_Task brief_:
Nothing but the lines from the one containing "A felújítás során" through the last line of the data below should be returned, each exactly as it stands, pictures excluded.

_Source data_:
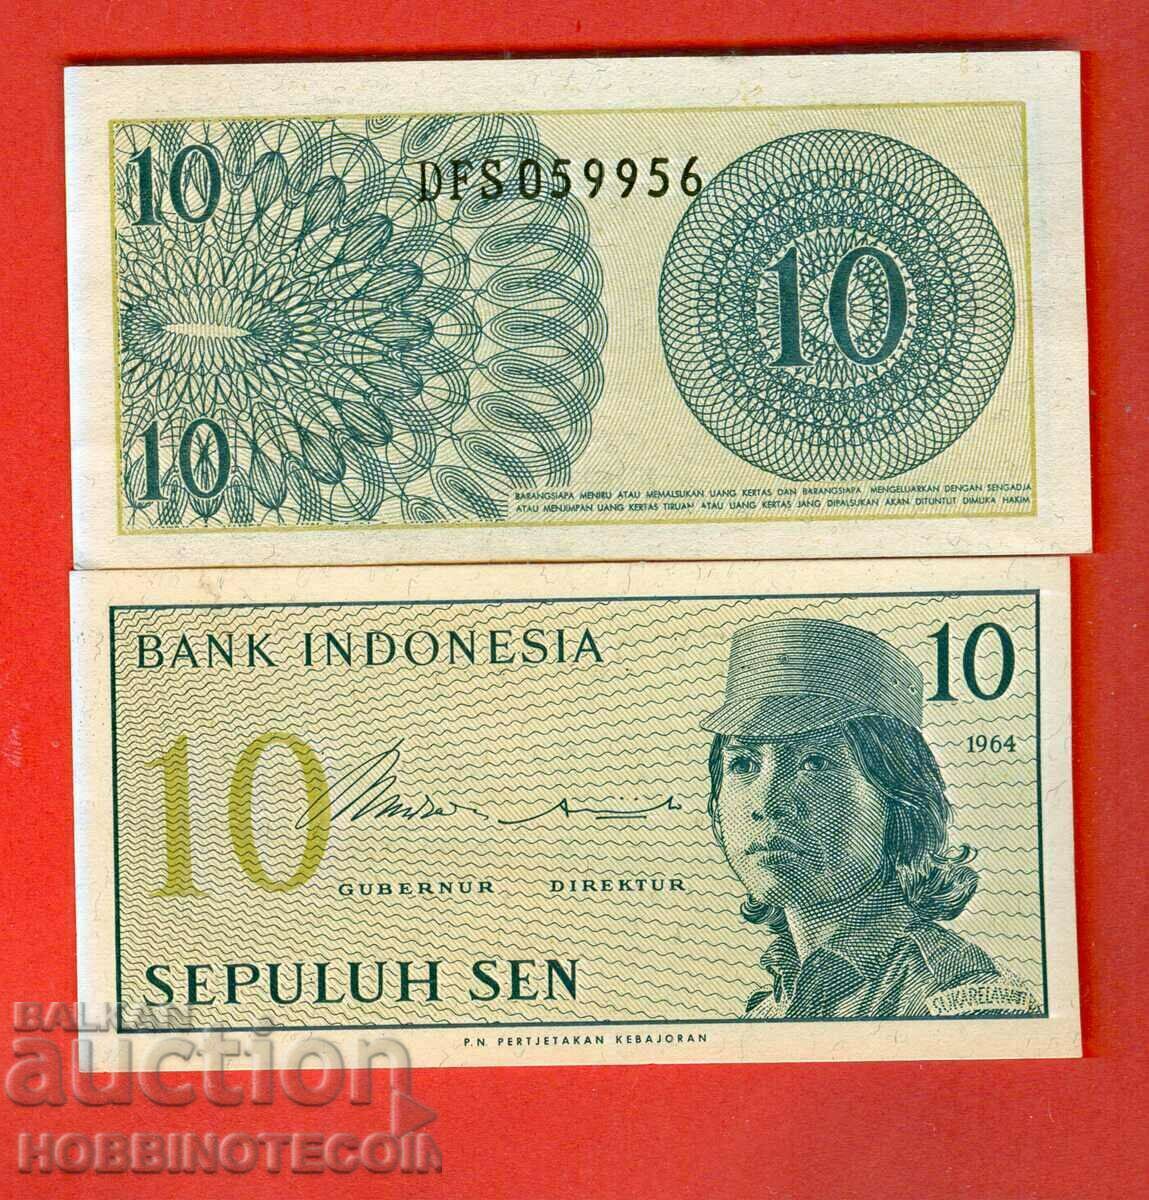 INDONEZIA INDONEZIA 10 număr 1964 NOU UNC
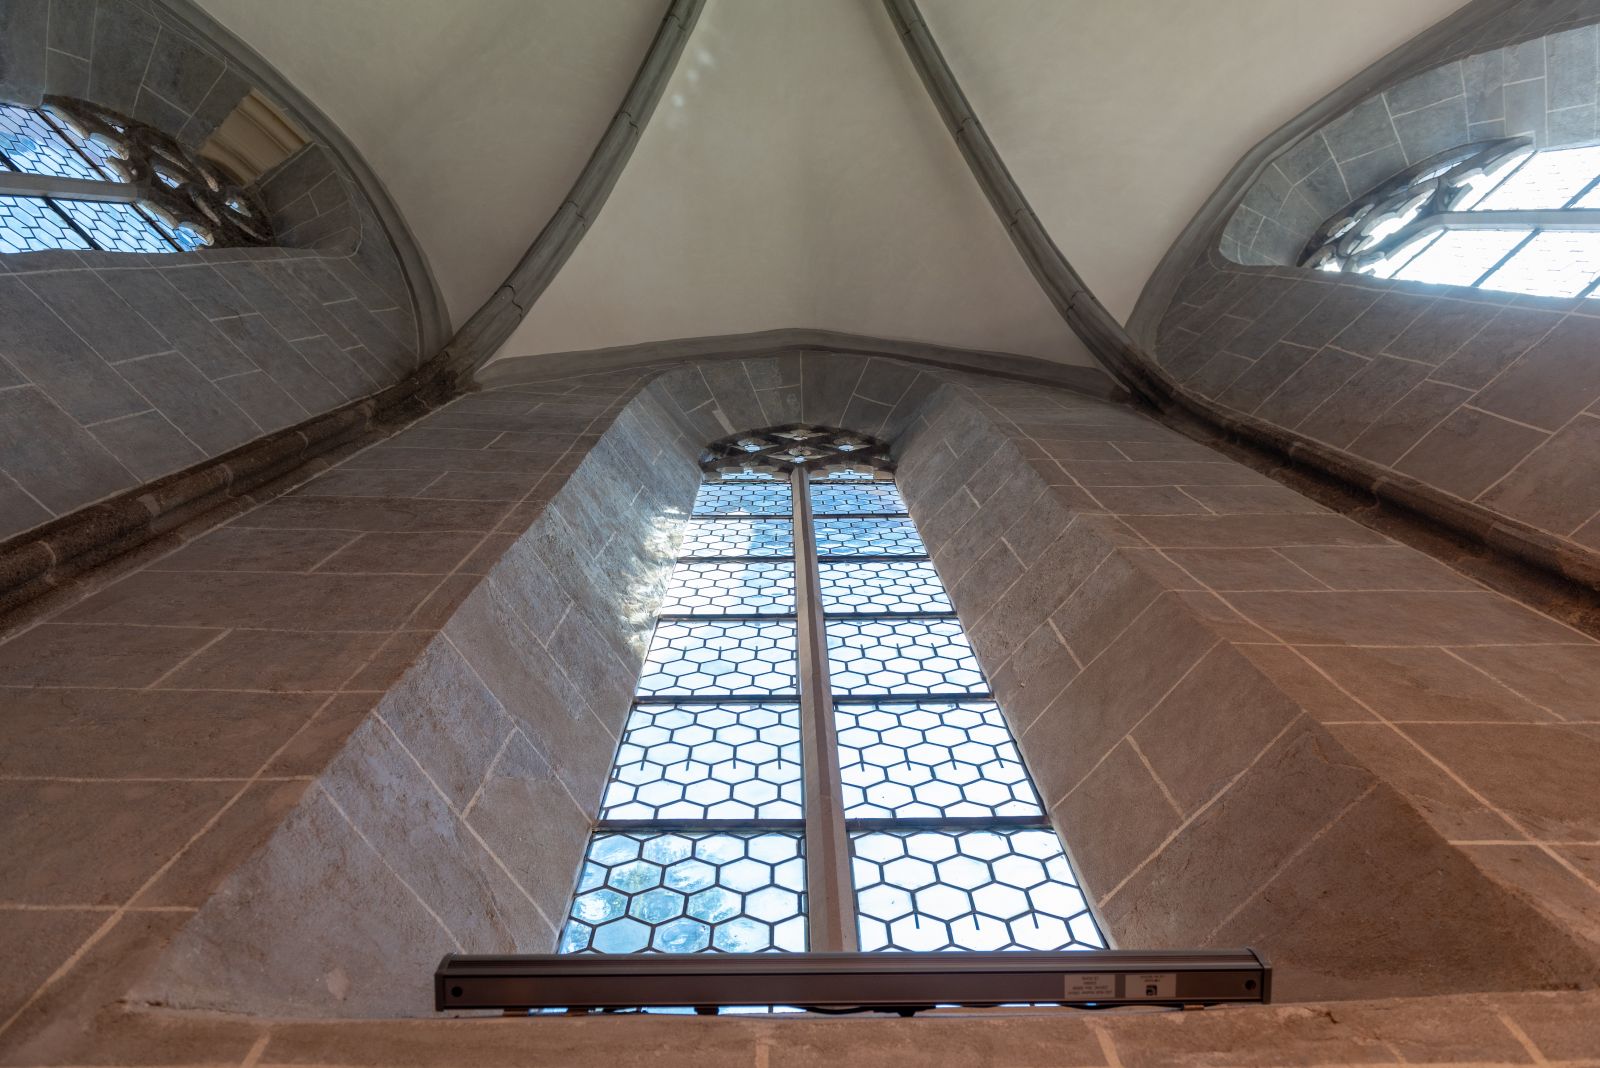 A felújítás során kiderült, hogy a templom ablakai eredetileg sokkal magasabbak voltak, mint azt eddig láthattuk. Ezeket is visszaállították eredeti állapotukra, így az ablakok jelentős része 1 méterrel bővült, így több fény jut be a templomba.
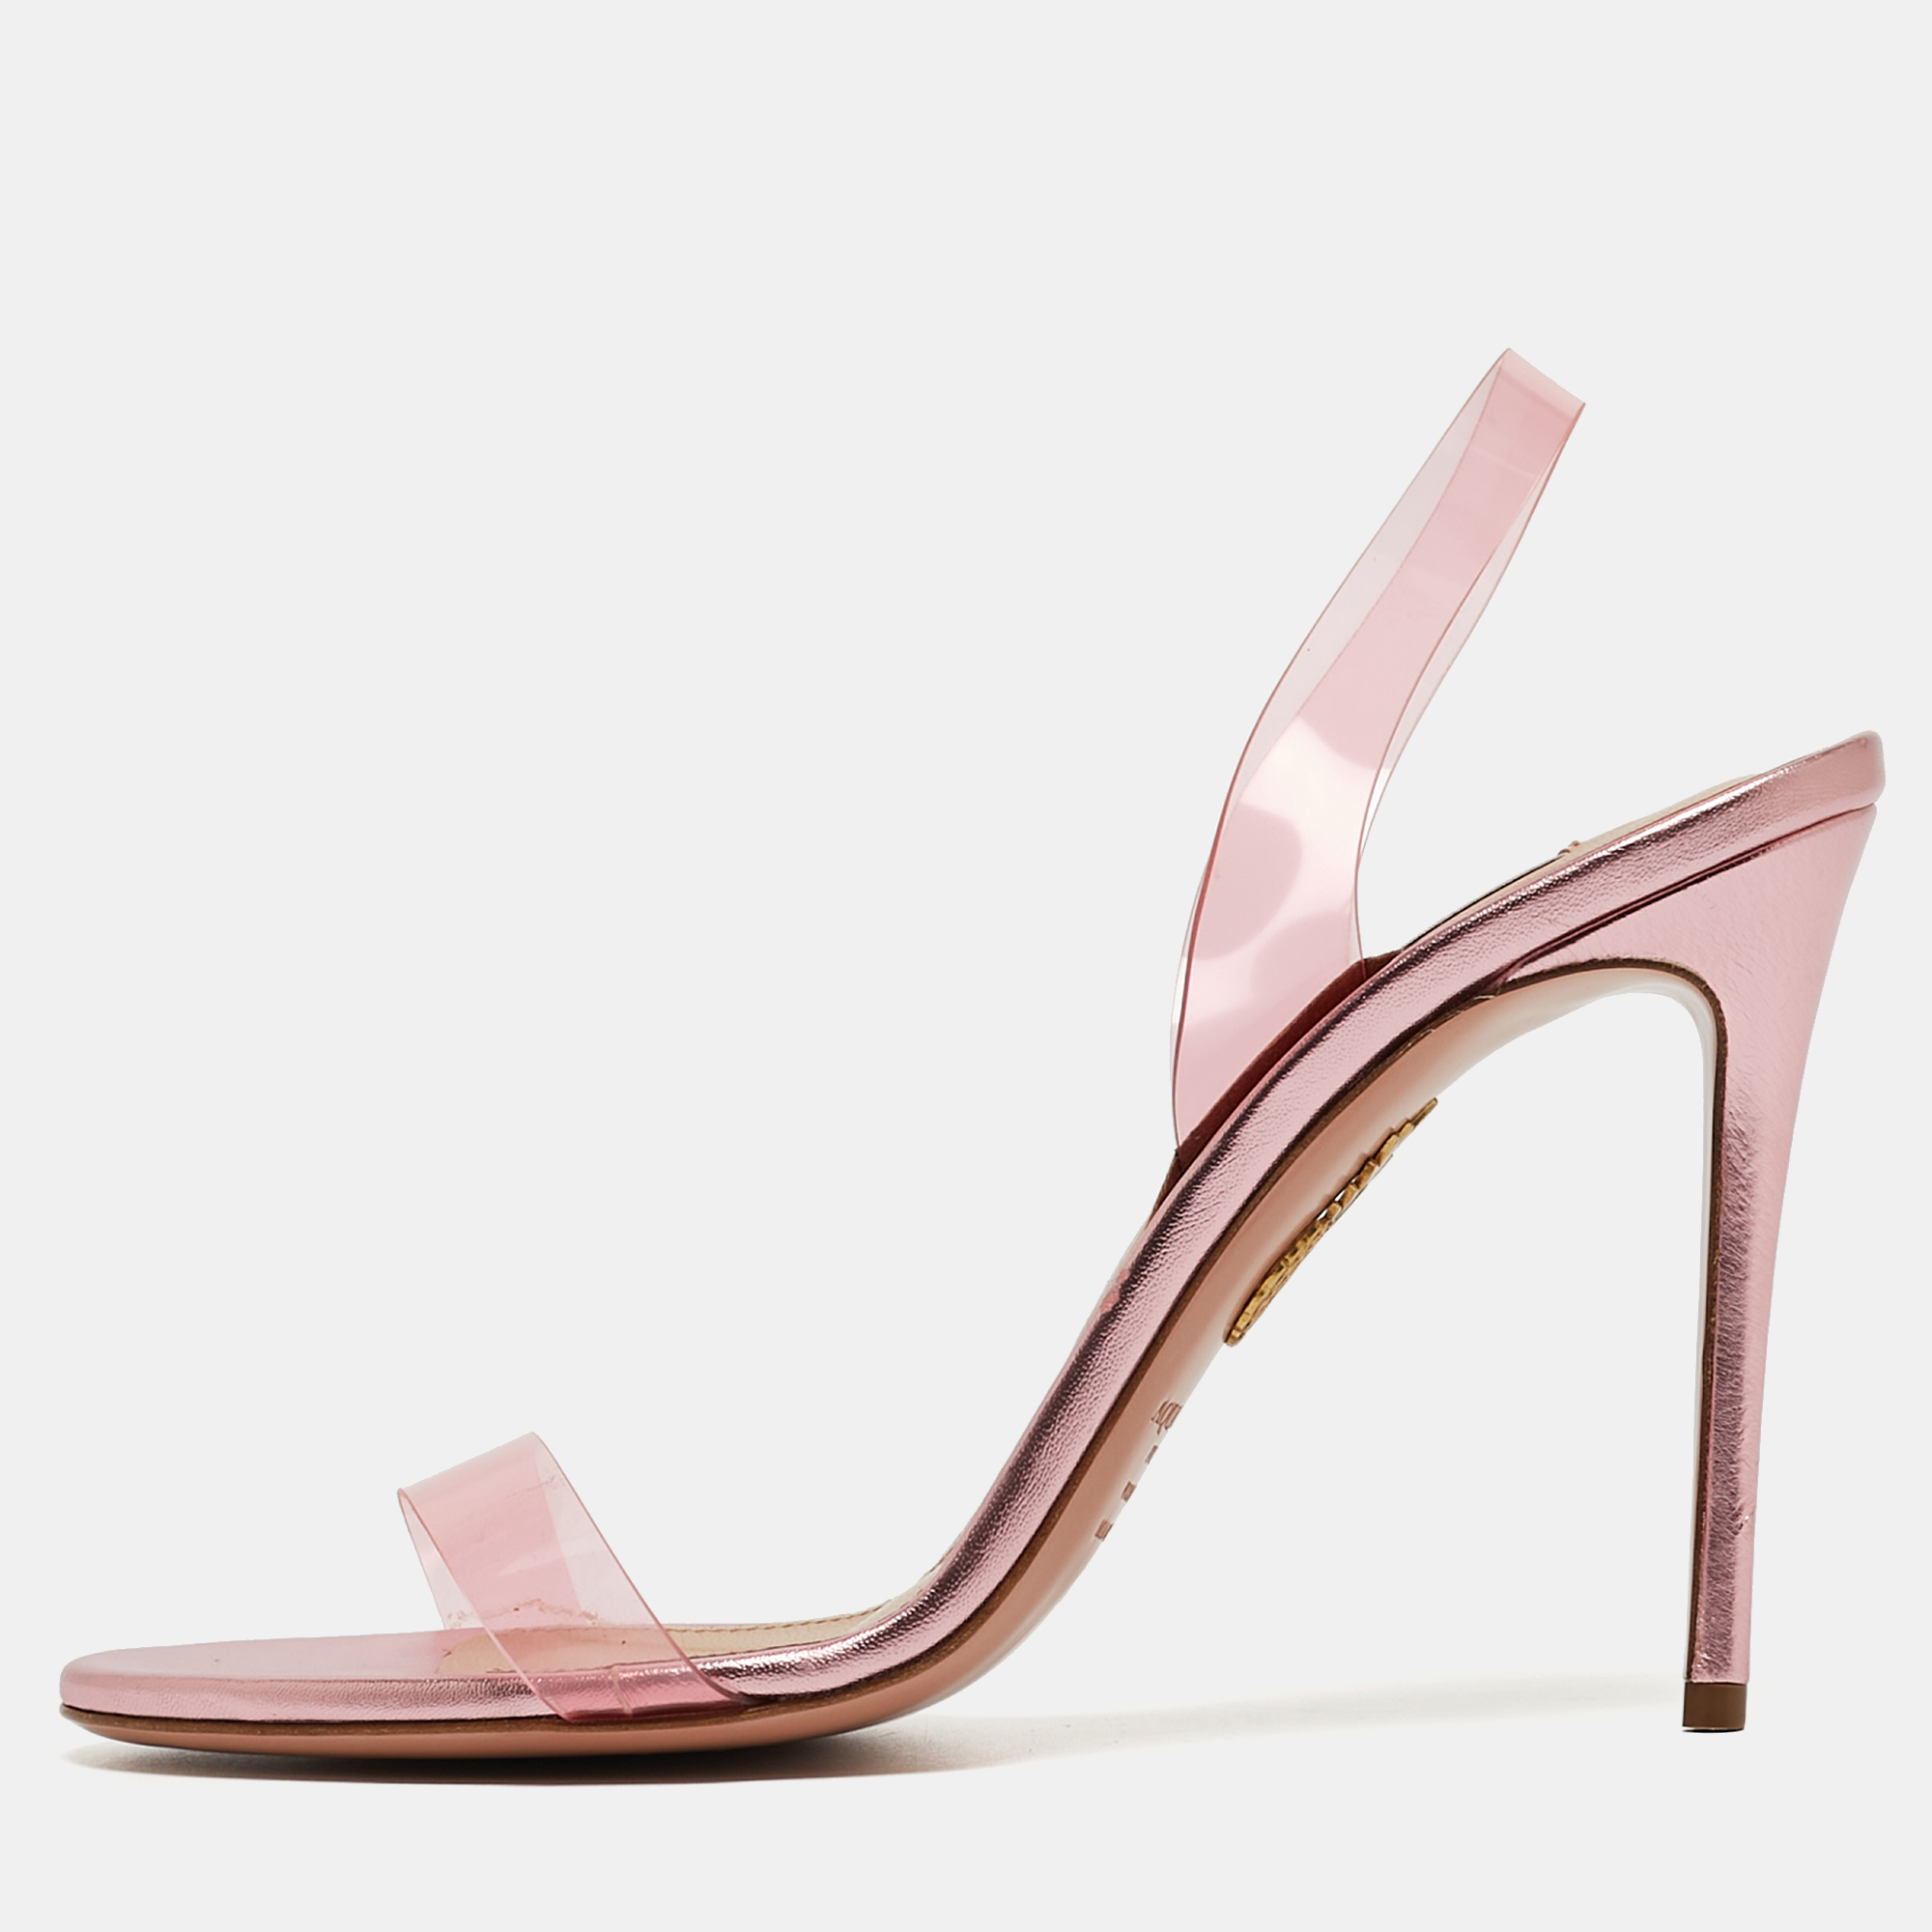 Aquazzura pink pvc so nude slingback sandals size 38

_Answer section_:
 A felújítás során kiderült, hogy a templom ablakai eredetileg sokkal magasabbak voltak, mint azt eddig láthattuk. Ezeket is visszaállították eredeti állapotukra, így az ablakok jelentős része 1 méterrel bővült, így több fény jut be a templomba.
 Aquazzura pink pvc so nude slingback sandals size 38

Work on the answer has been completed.